Êtes-vous personnellement en faveur du mariage pour tous?

Si deux personnes veulent partager la vie l'une de l'autre et désirent le promettre devant Dieu et leurs proches, alors je mènerais certainement à bien une telle célébration. Peu importe qu'il s'agisse de bénédictions comme maintenant ou que nous soyons autorisés à organiser des mariages à un moment donné.

La question des multinationales responsables soumise au vote le 27 septembre prochain est aussi une question qui préoccupe l’Église. Le principal point de discorde n'est pas tant le sujet en lui-même, que de savoir comment l'Église compte s’impliquer.

Notre mission fondamentale est d'être proche des gens, une proximité qui nous permet de remarquer des problèmes personnels et structurels. Il nous appartient alors de les nommer et d'apporter des solutions à la lumière de notre culture chrétienne. C'est ce qui a été fait par nos œuvres d'entraide sur la question de la responsabilité des entreprises, et j'en suis très fière. Cependant, nous devons rester indépendants. Une Église n’est ni un parti politique ni une organisation lobbyiste.

Revenons à votre candidature. Vous vous présentez pour la deuxième fois à la présidence. Comment se déroule la campagne électorale?

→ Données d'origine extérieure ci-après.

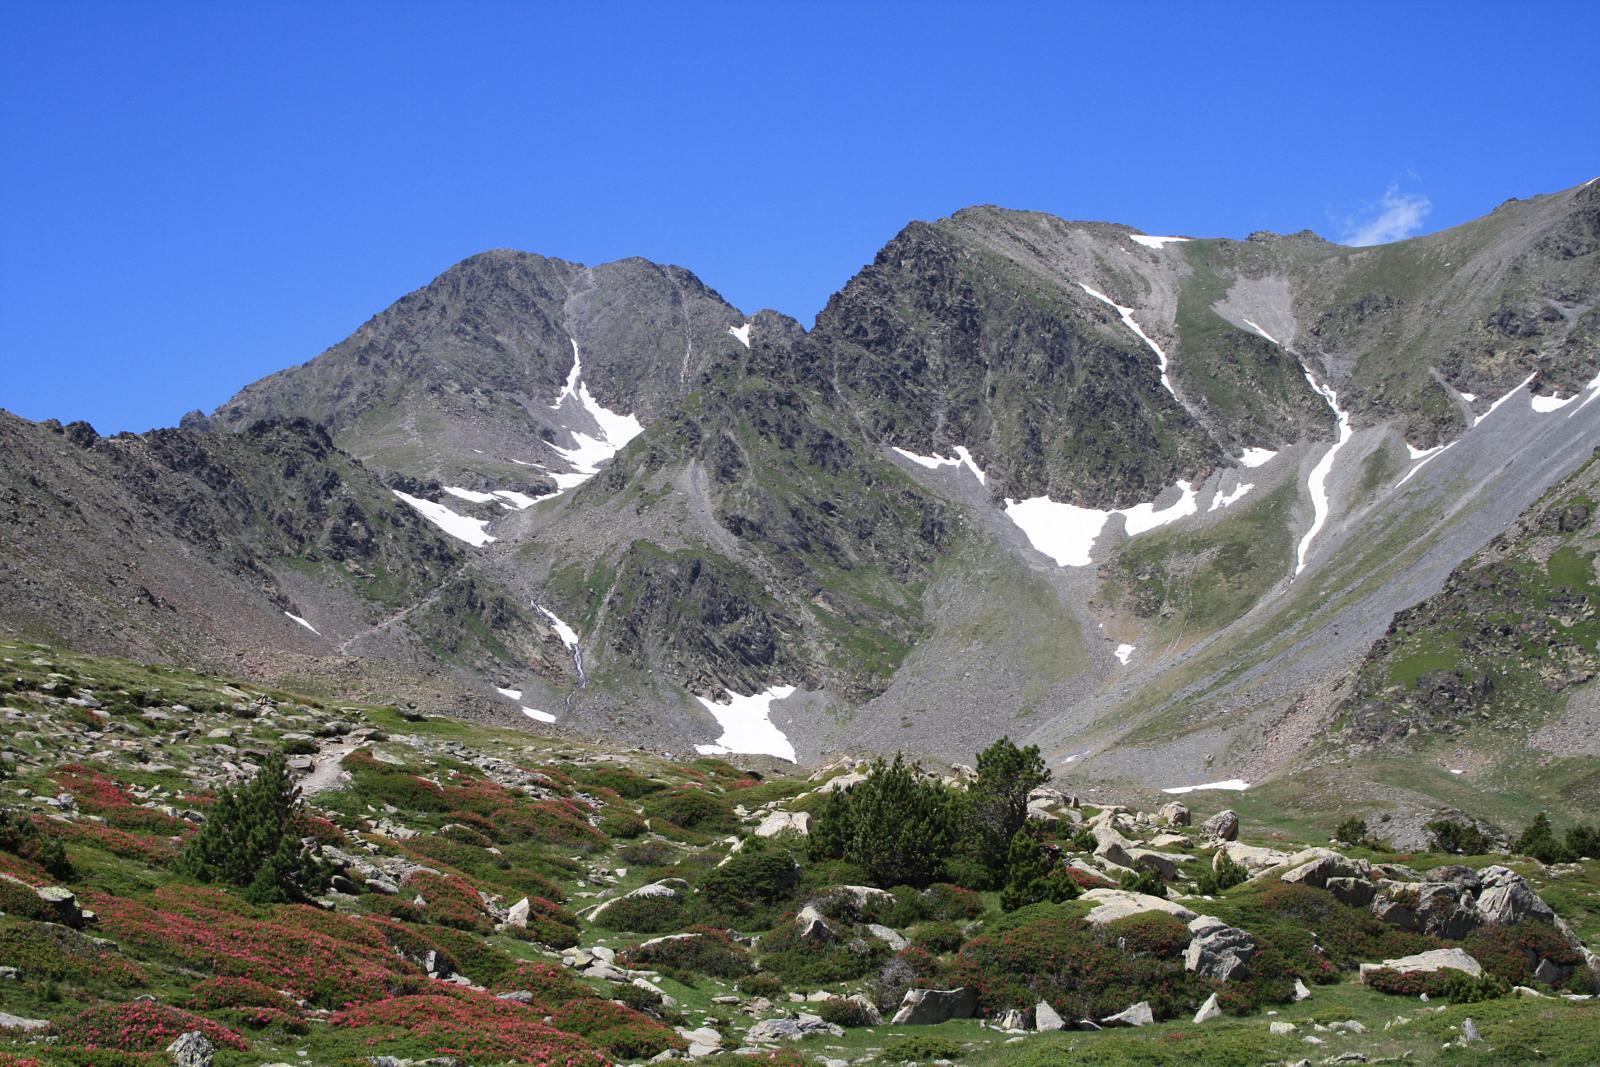 Ascensiones en la Cerdaña. Puigpedrós, Carlit, Puigmal y Pedraforca

Très bien, à mon avis. La deuxième candidate, Isabelle Graesslé, et moi-même sommes toujours invitées ensemble aux auditions, ce qui est bien sûr passionnant, car nous écoutons toujours ce que l'autre candidate répond aux questions des délégués. Je pense que c'est une procédure très ouverte, équitable, et j'en suis très heureuse.